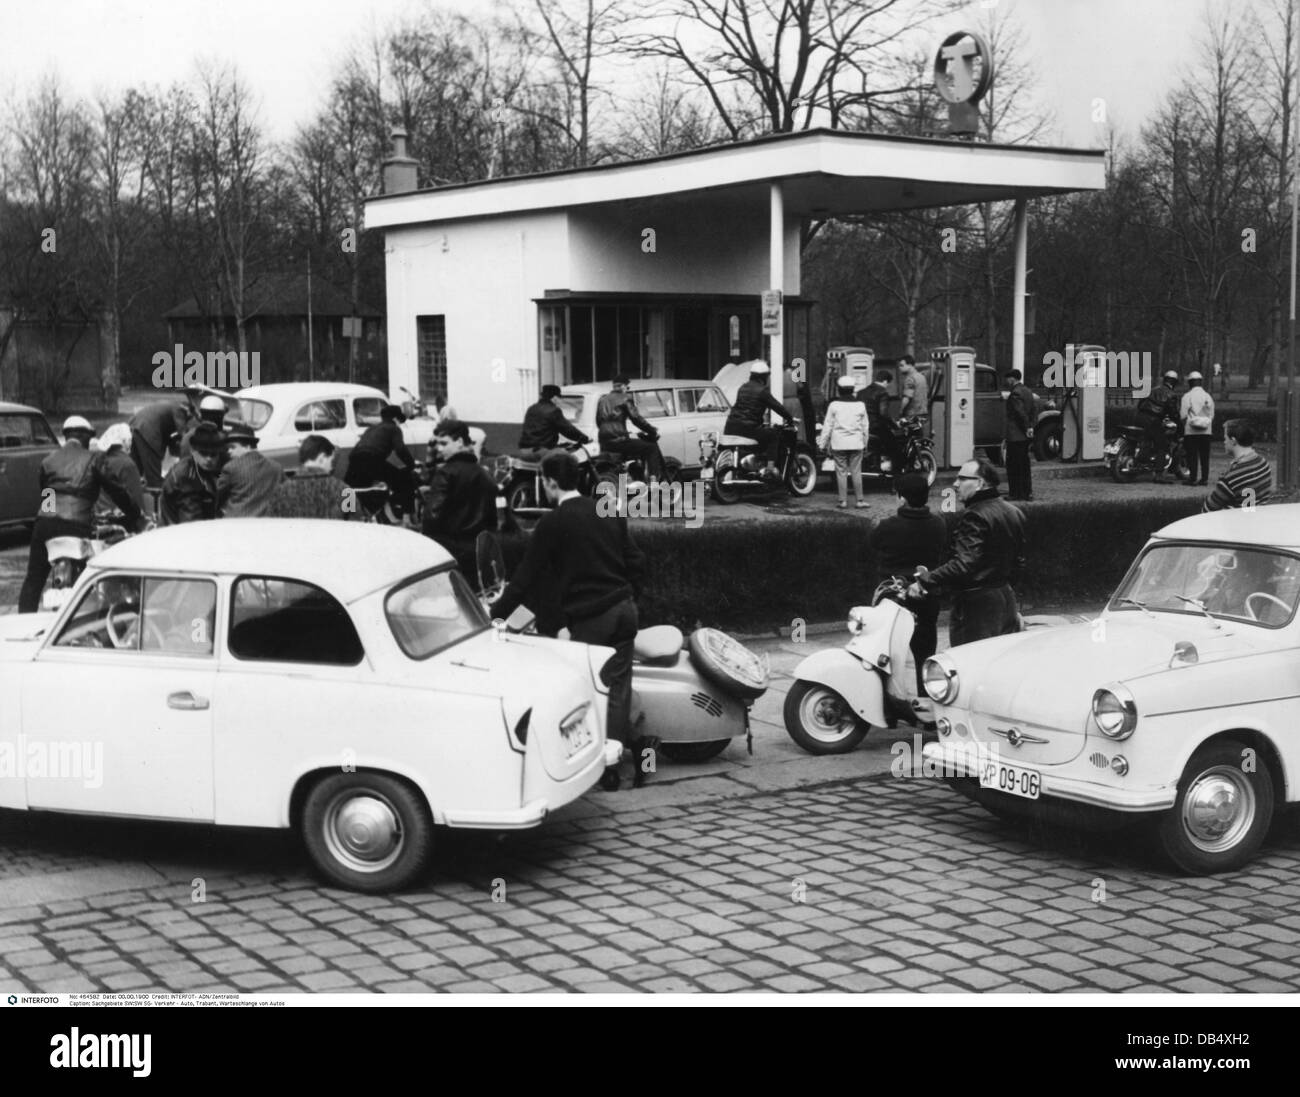 Trasporto / trasporto, auto, stazione di benzina, linea d'attesa di auto e moto di fronte a una stazione di benzina, distretto Karl-Marx-Stadt, Germania orientale, 17.4.1963, diritti aggiuntivi-clearences-non disponibile Foto Stock
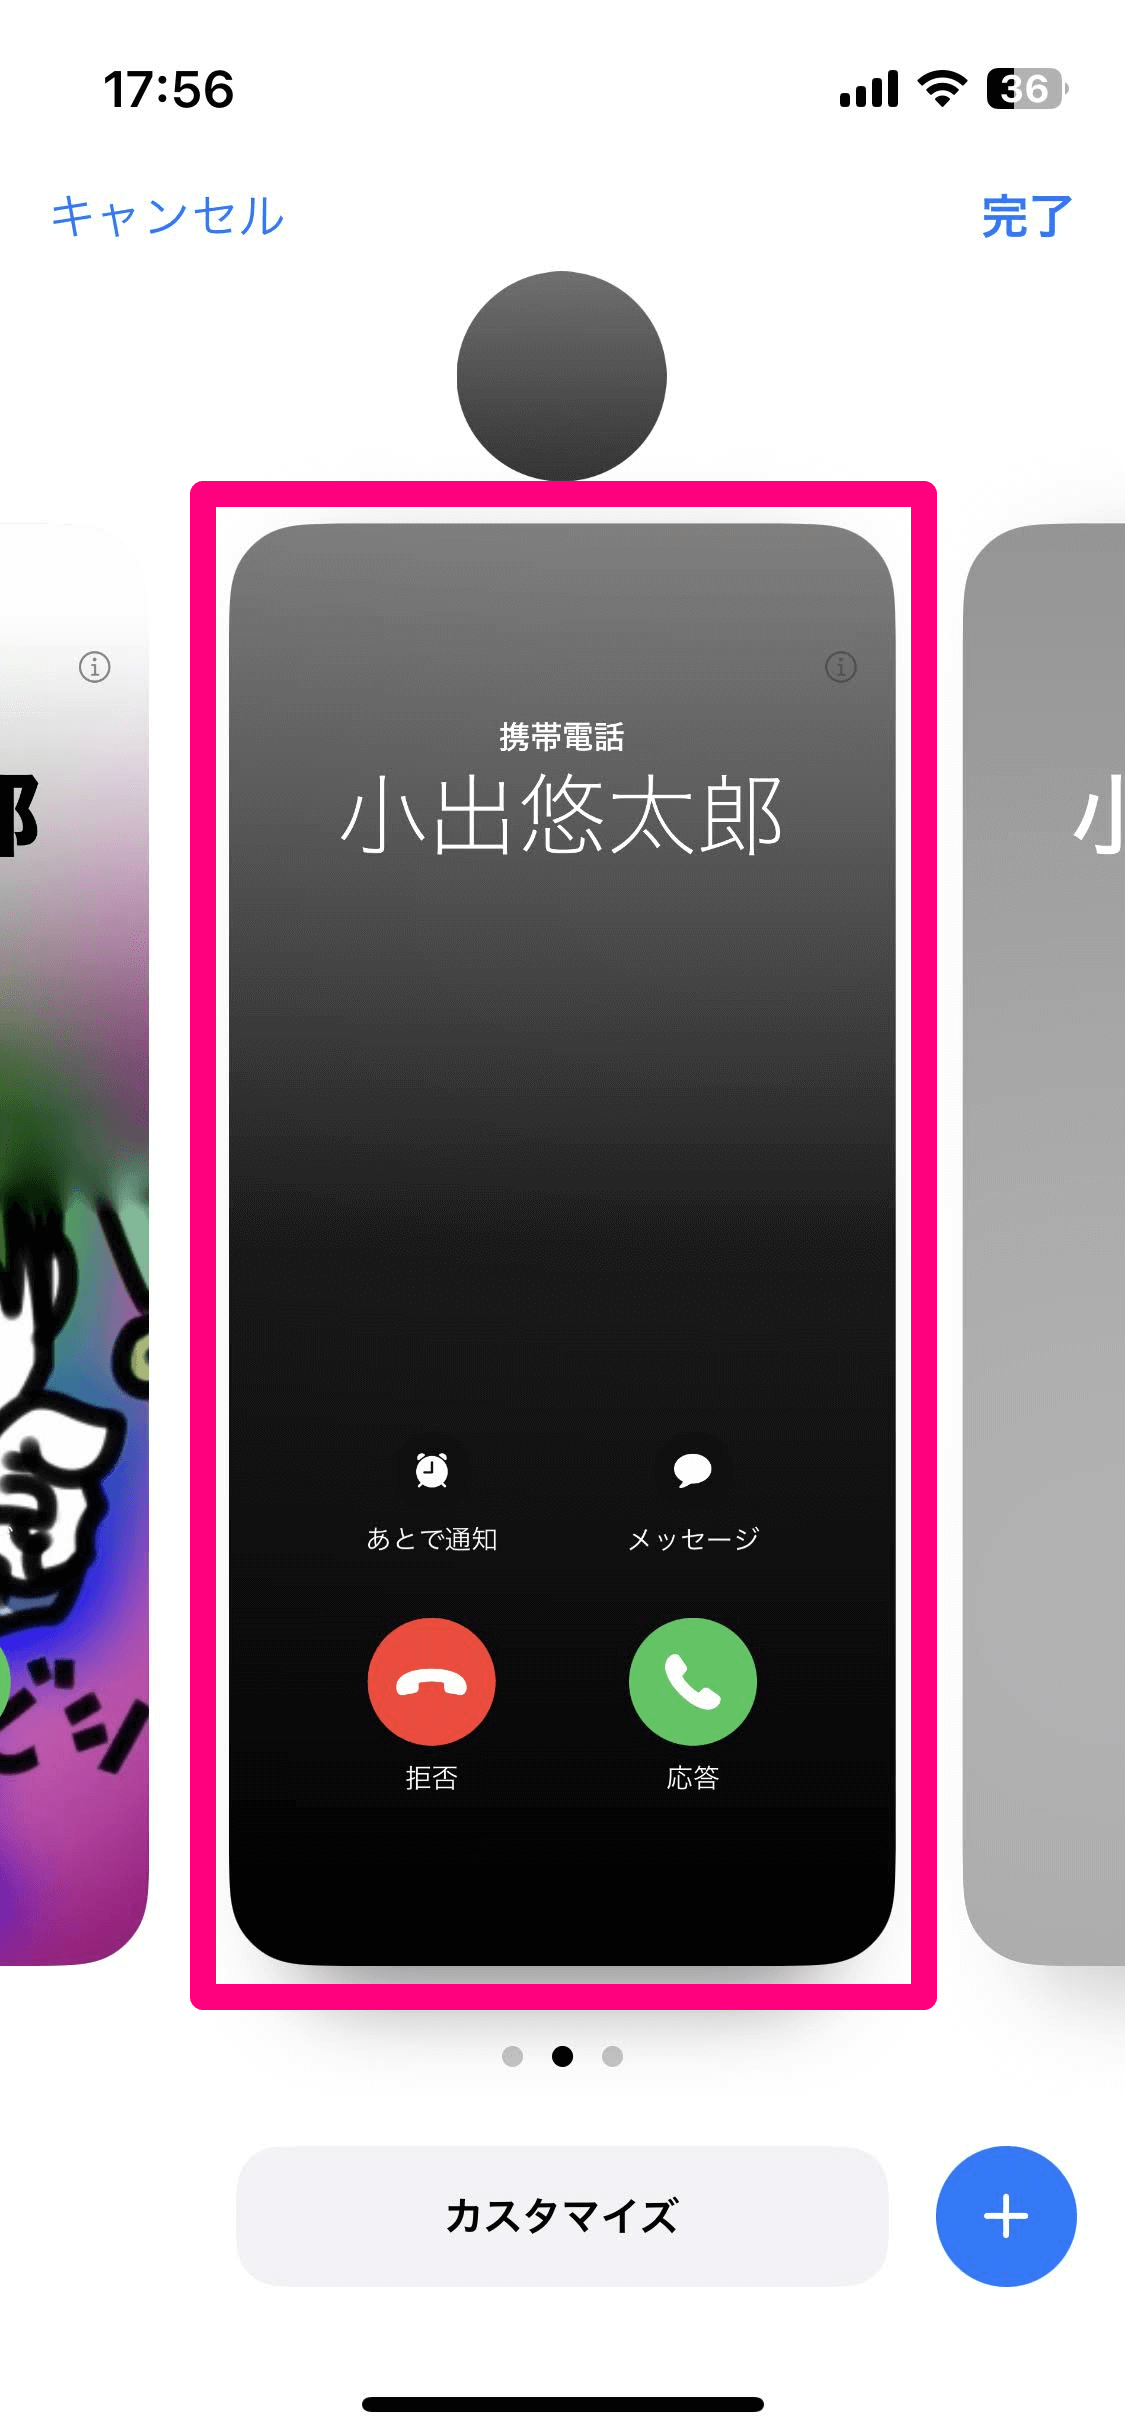 【iOS 17】連絡先のポスターを作成する方法。電話やNameDropでオリジナルの画面を相手に表示できる
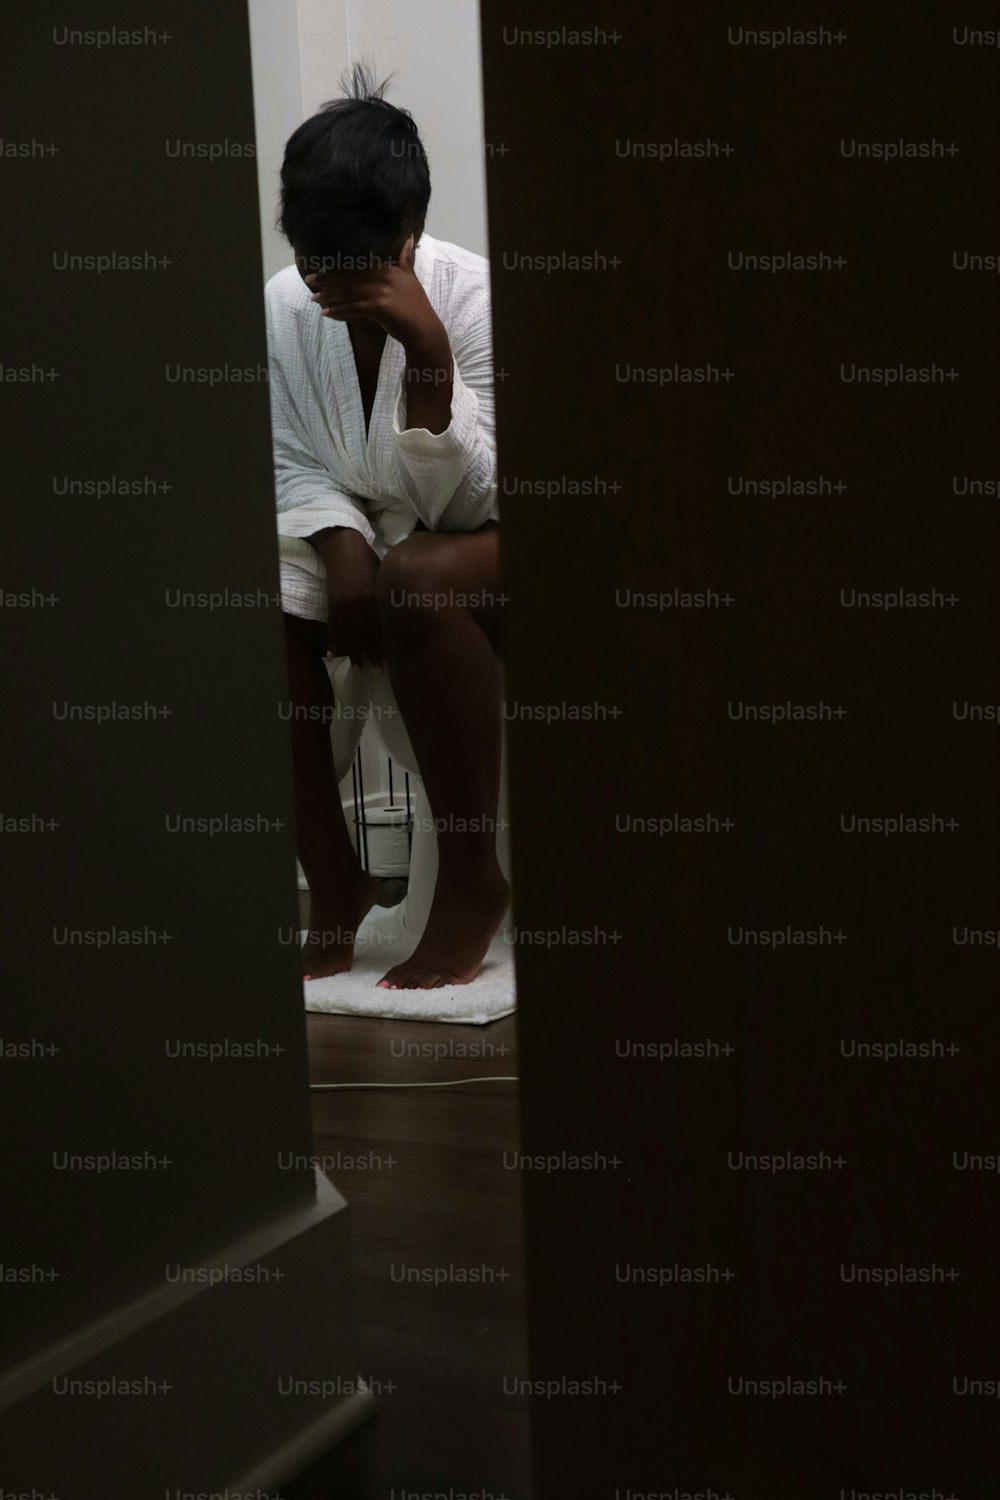 eine Person, die auf einer Toilette in einem Raum sitzt

- [WORK TO BE COMPLETED]:
Please copy the data above exactly; the pictures do not belong in the copy.

- [EXERCISE RESPONSE]:
 Trasporto / trasporto, auto, stazione di benzina, linea d'attesa di auto e moto di fronte a una stazione di benzina, distretto Karl-Marx-Stadt, Germania orientale, 17.4.1963, diritti aggiuntivi-clearences-non disponibile Foto Stock
 【iOS 17】連絡先のポスターを作成する方法。電話やNameDropでオリジナルの画面を相手に表示できる
 eine Person, die auf einer Toilette in einem Raum sitzt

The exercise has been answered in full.